Price: 15,000 tax excl. / 16,500 tax incl.

Special Collector’s Edition

Edition: 50, hand-signed by the artist and numbered

Price: 100,000 tax excl. / 110,000 tax incl.

Includes one 25.4 × 30.5cm gelatin silver print featuring 1 of 5 photos, 10 editions each.

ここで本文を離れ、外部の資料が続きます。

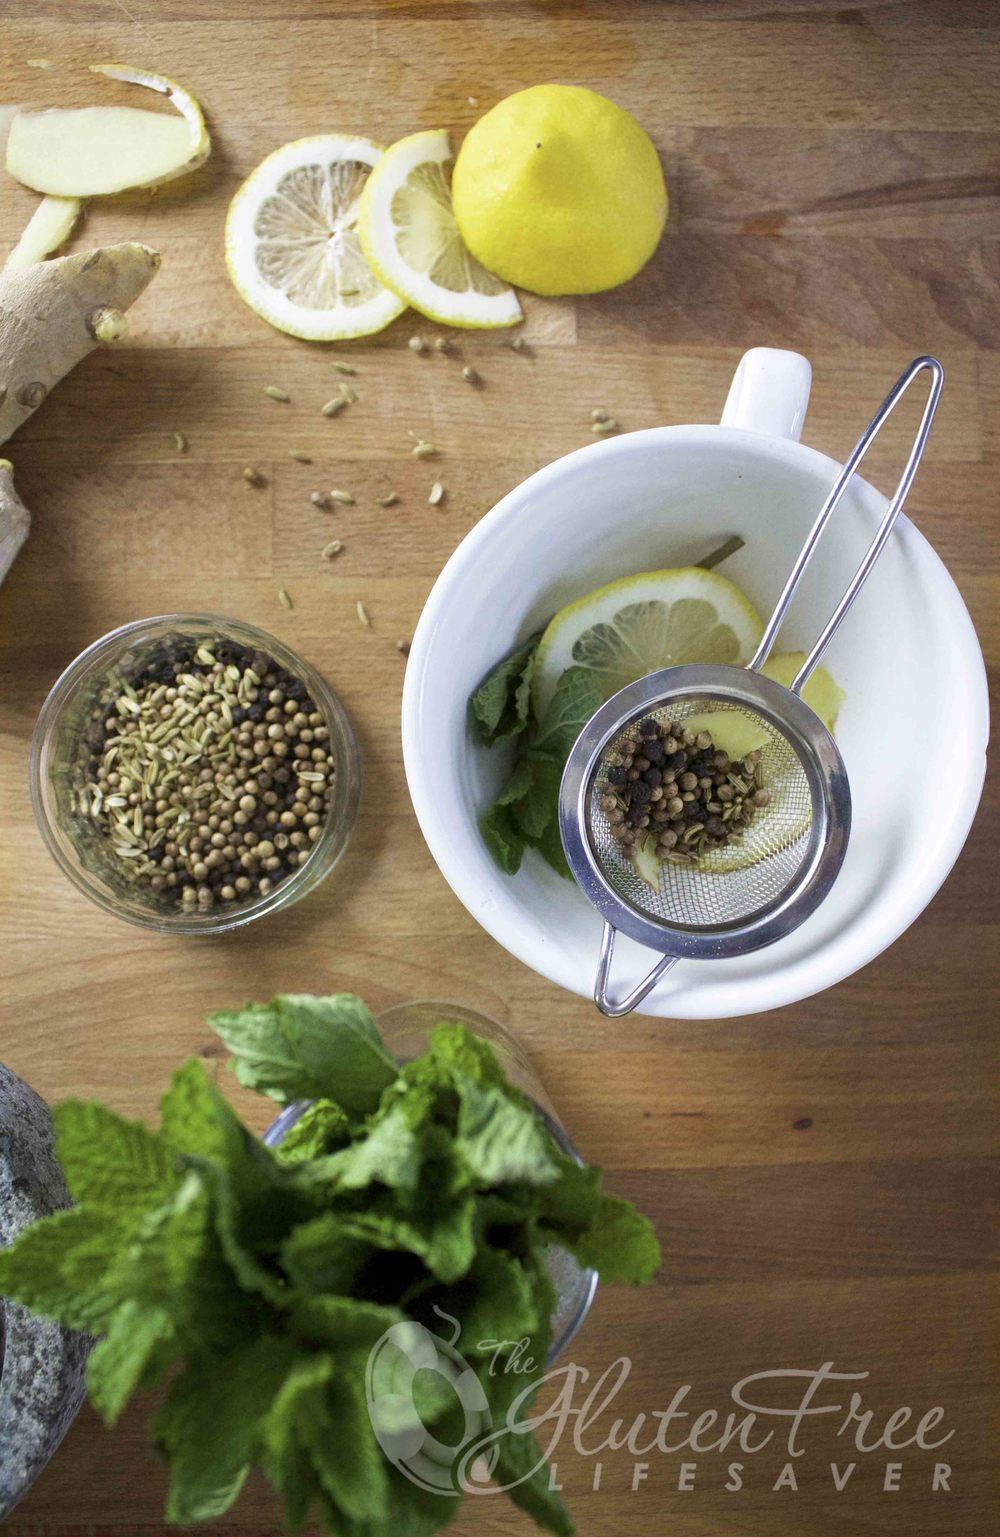 oppskrift på detox mint te som renser kroppen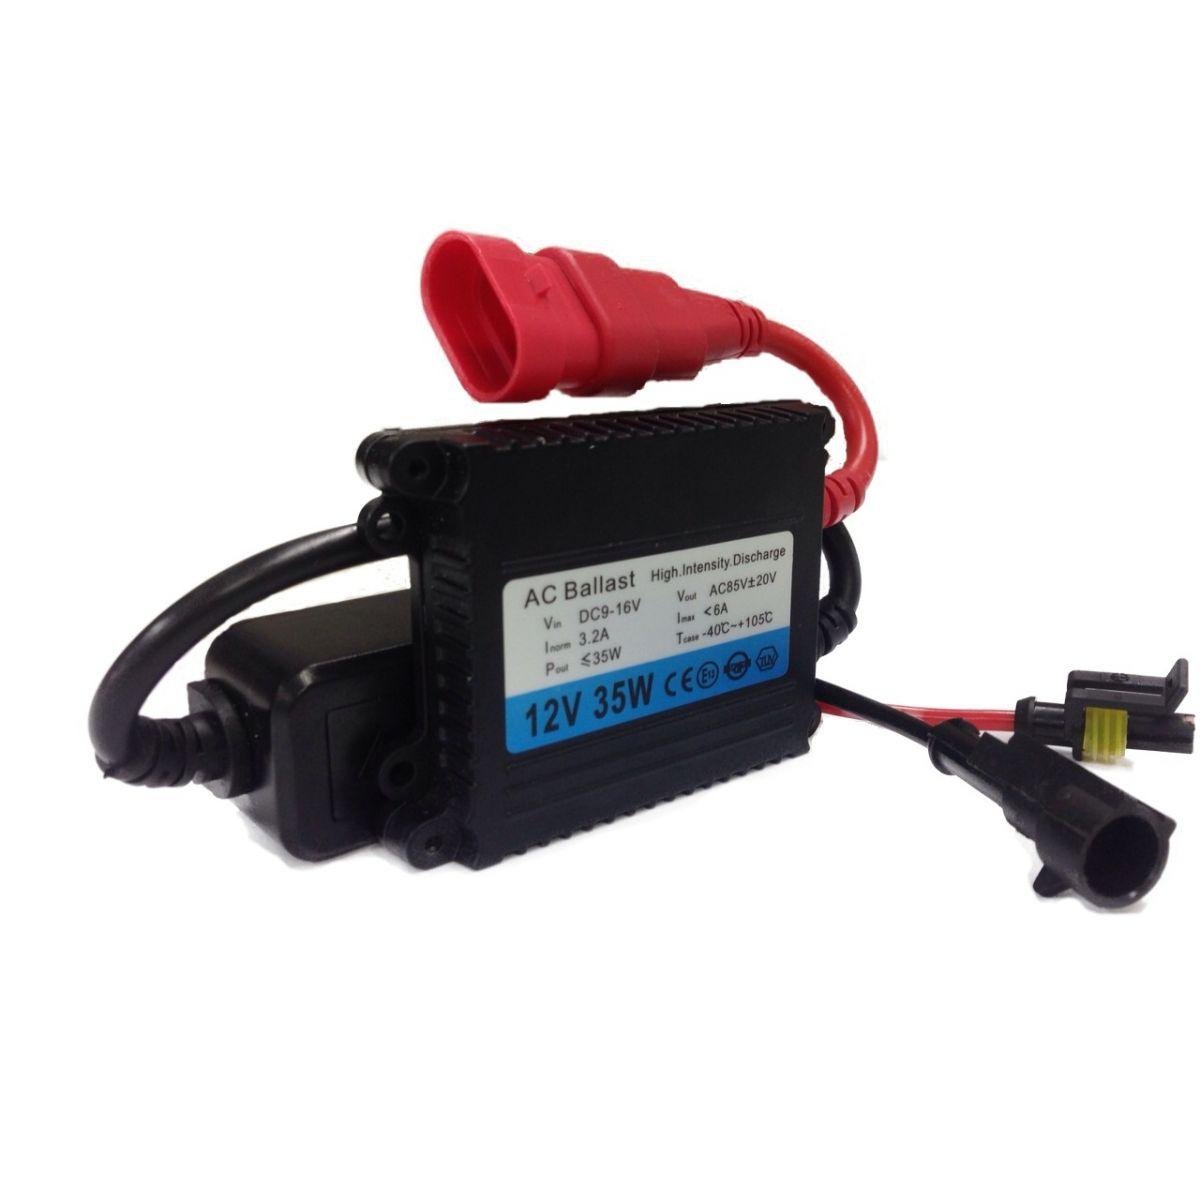 Kit Xenon Moto Digital H1 H3 H4-2 H7 H11 H27 Hb4 4300k 6000k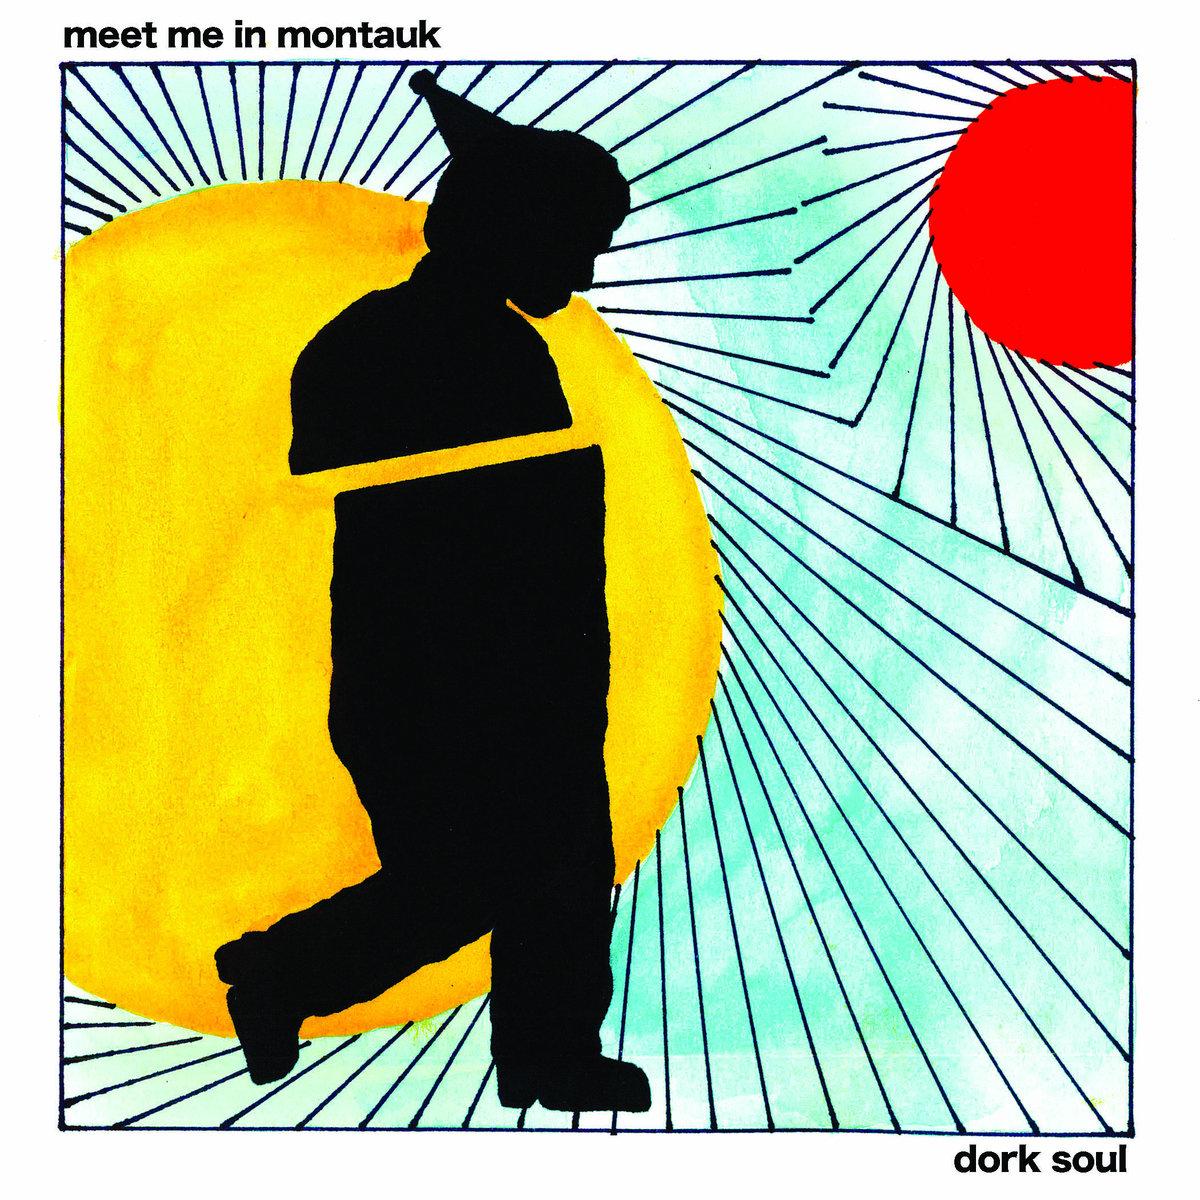 Spanspek Album Review: Meet Me In Montauk - Dork Soul | Spanspek ...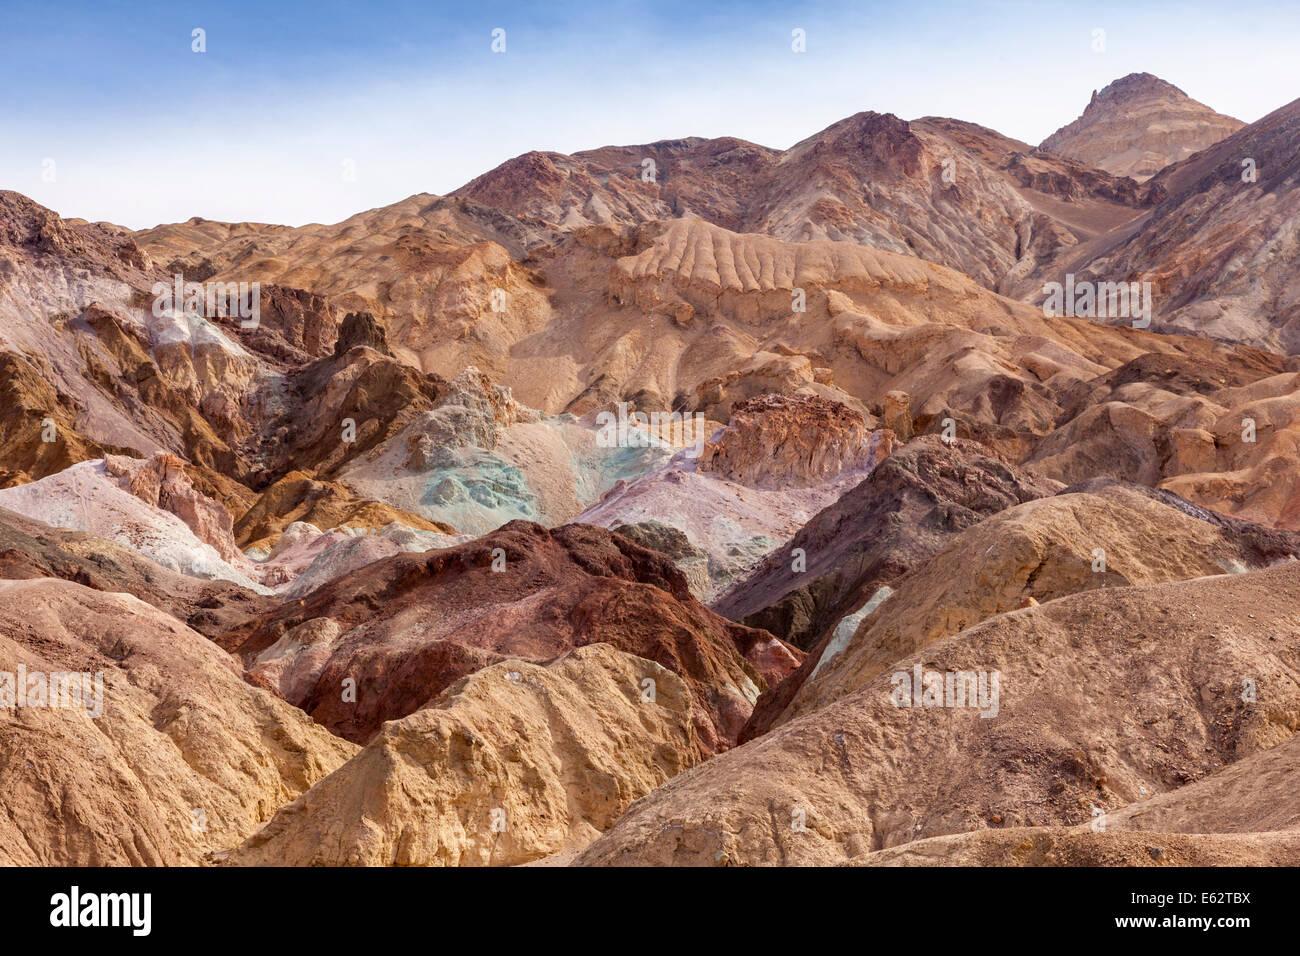 Les roches colorées de l'artiste connu sous le nom de palette, la vallée de la mort, en Californie. Photo Stock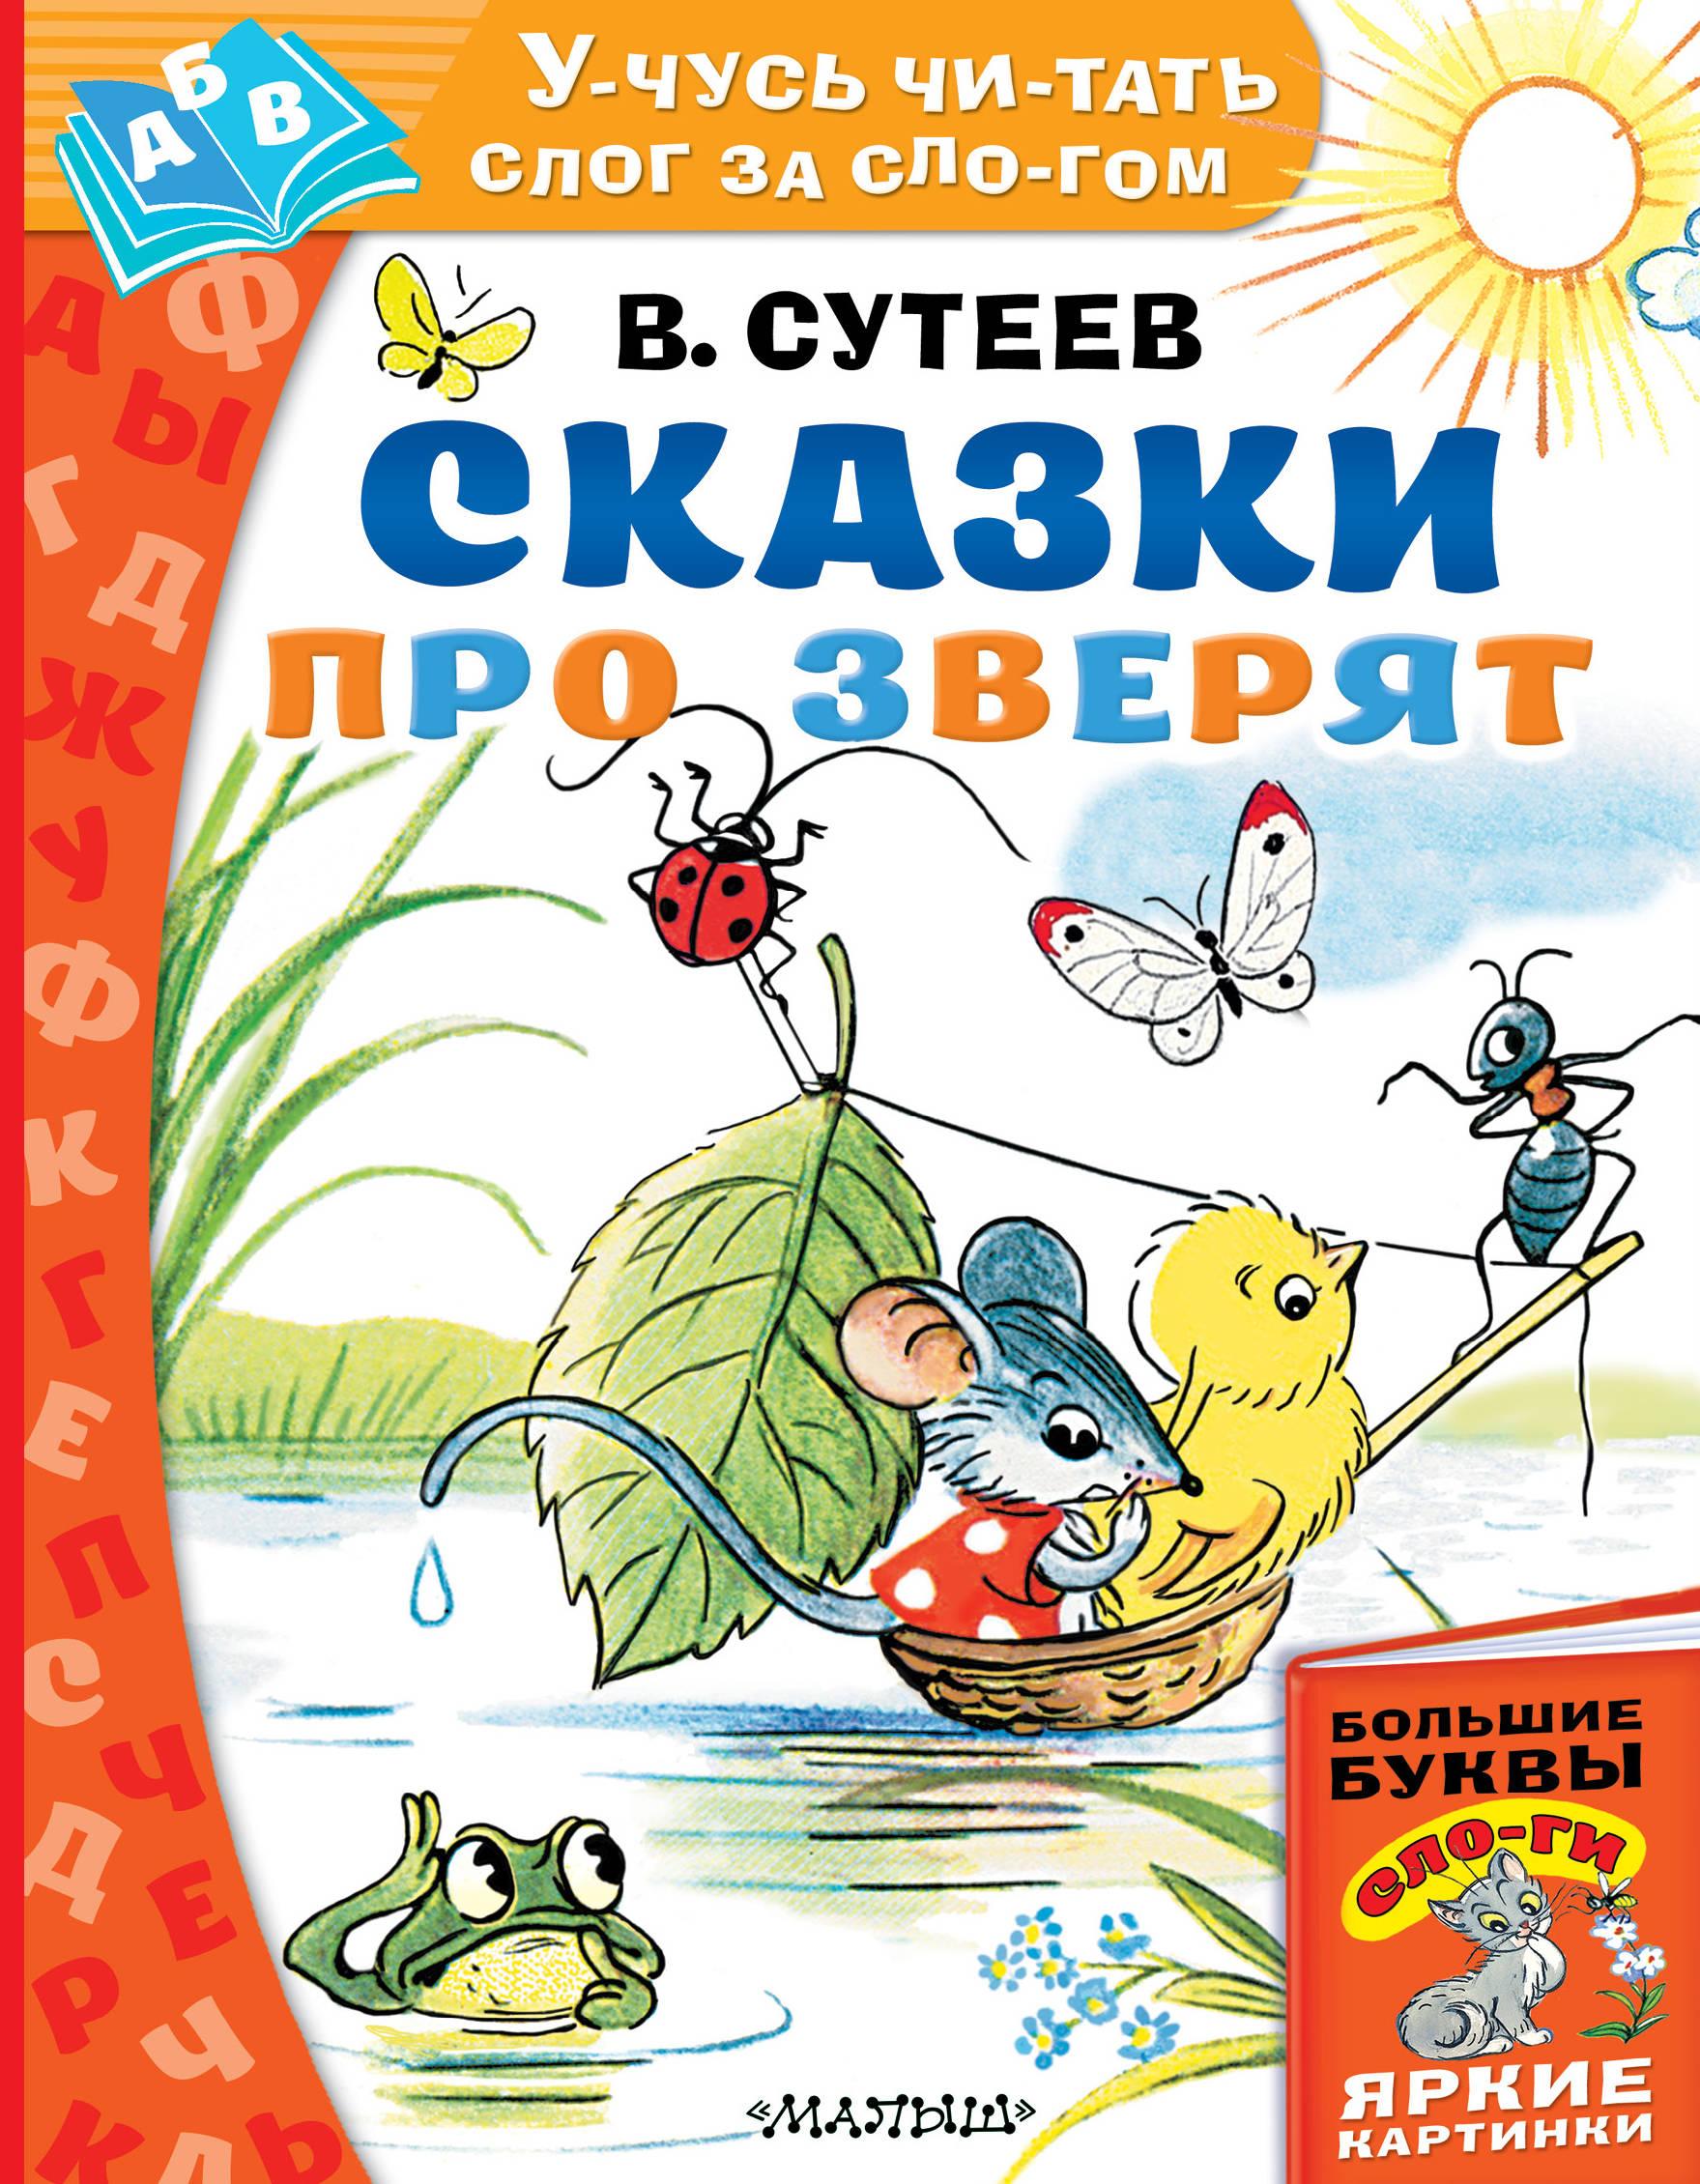 Сутеев Владимир Григорьевич. Сказки про зверят

Release date: April 29, 2022 (Fri)

Available for purchase at Gallery COMMON and select bookstores

in Japan (more information coming soon). Online & international

purchase available through www.akionagasawa.com.



展覧会概要

森山大道「DAIDO HYSTERIC」

2022年4月29日(金)~5月22日(日)

開廊時間: 12:00-19:00 (水~日) *月、火 休廊

Tel: +81 03 6427 3827

住所:Gallery COMMON

東京都渋谷区神宮前5-39-6 B1F

contact@gallerycommon.com


同時開催展

ヒステリックグラマー渋谷店 Daido Hystericシルクスクリーンプリント展

2022年4月28日(木)~5月22日(日)

営業時間: 11:00-20:00 *年中無休

TEL: 03-3409-7227

住所: ヒステリックグラマー渋谷店

東京都渋谷区神宮前6-23-2

www.hystericglamour.jp


*国や自治体の要請等により、 日程や内容が変更になる可能性があります。

 

森山大道

1938年大阪生まれ。写真家・岩宮武二、細江英公のアシスタントを経て1964年に独立。1968-70年には写真同人誌『プロヴォーク』に参加、「アレ・ブレ・ボケ」と形容されたハイコントラストや粗粒子画面の作風で急速に工業化が進んだ戦後の日本を撮影し、写真界に衝撃を与える。ニューヨーク・メトロポリタン美術館やパリ・カルティエ現代美術財団で個展を開催するなど世界的評価も高く、2012年にはニューヨークの国際写真センター(ICP)が主催する第28回インフィニティ賞生涯功績部門を日本人として初受賞。2012年、ウィリアム・クラインとの二人展「William Klein + Daido Moriyama」がロンドンのテート・モダンで開催され、2人の競演は世界を席巻した。2018年フランス政府より芸術文化勲章「シュヴァリエ」が授与された。2019年ハッセルブラッド財団国際写真賞受賞。